Caches may now have multiple sets of username/password credentials. The credentials for a cache are listed in the table in the Credentials panel on your cache’s analytics dashboard. New credentials for a cache are created using the Add new credentials button, and credentials may be deleted using the X button next to the credentials row.

One set of credentials is distinguished as primary, while the rest are secondary credentials. For caches provided through our add-on with a third-party provider (e.g., Heroku or AppHarbor), the primary credentials are linked to the configuration variables stored with the provider. That is, these are the credentials you see when you look at your application’s environment.  Secondary credentials can be promoted to primary using the up-arrow button next to the credentials row. When secondary credentials are promoted to primary, the username and password for the credentials being promoted are pushed to the provider’s configuration variables.

In practice, this means that you can rotate the credentials for a MemCachier cache associated with a Heroku app by creating a new set of credentials and promoting them to primary. This will push the new username and password to the MEMCACHIER_USERNAME and MEMCACHIER_PASSWORD configuration variables in your Heroku app, and trigger a restart so your application will pick up the new MemCachier credentials.

This ability to have both a primary and many secondary credentials lets you to rotate your credentials with zero downtime!

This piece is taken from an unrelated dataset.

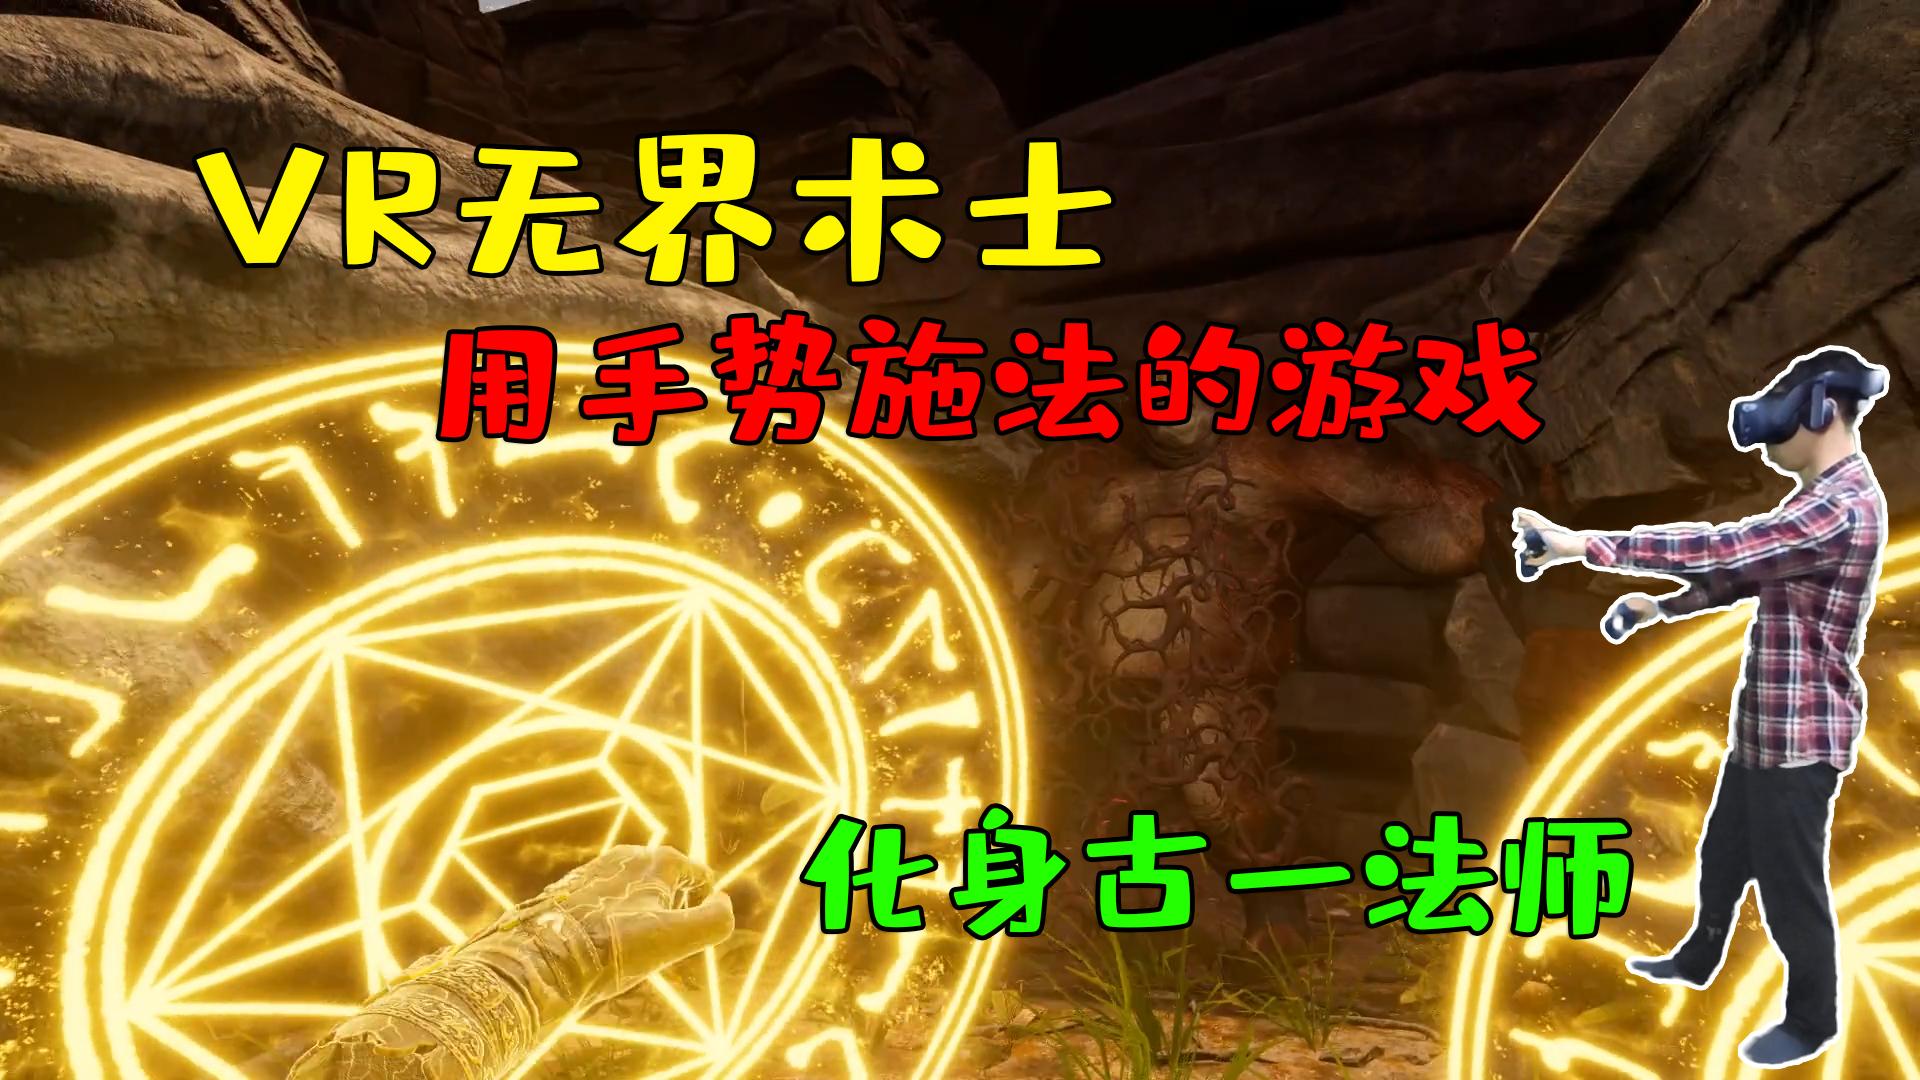 VR无界术士:中二法师怒搓螺旋丸,学会第一个范围魔法!

We’ve further enhanced multiple credentials by adding a security extension to our memcache implementation: capabilities! These control the operations available to a client once they authenticate with the chosen credentials.

Each set of credentials for a cache has associated write and flush capabilities. By default, new credentials have both capabilities, meaning that the credentials can be used to update cache entries and flush the cache via the memcached API.

You can restrict a client to read-only access by switching off the write capability for its credentials, and prevent a client from using the memcached API to flush your cache by switching off the flush capability.

Per-credential capabilities are managed using the checkboxes on each credential row in the Credentials panel: if the checkbox is checked, the credential has the capability; if not, the capability is disabled for that credential.

Dashboard SSO rotation

The MemCachier dashboard for your cache is accessed via a persistent unique URL containing a cache-specific single-sign-on hash. For security, you may wish to rotate this cache-specific hash to generate a new unique URL for the cache dashboard. The Rotate SSO secret button in the Credentials panel of the dashboard does this hash rotation. Pressing this button generates a new hash and redirects the dashboard to the resulting new unique URL.

Security @ MemCachier

We value security and hope that you find these new features valuable to improve your own practices. As always, for a guide to MemCachier’s own internal security practices, see our documentation.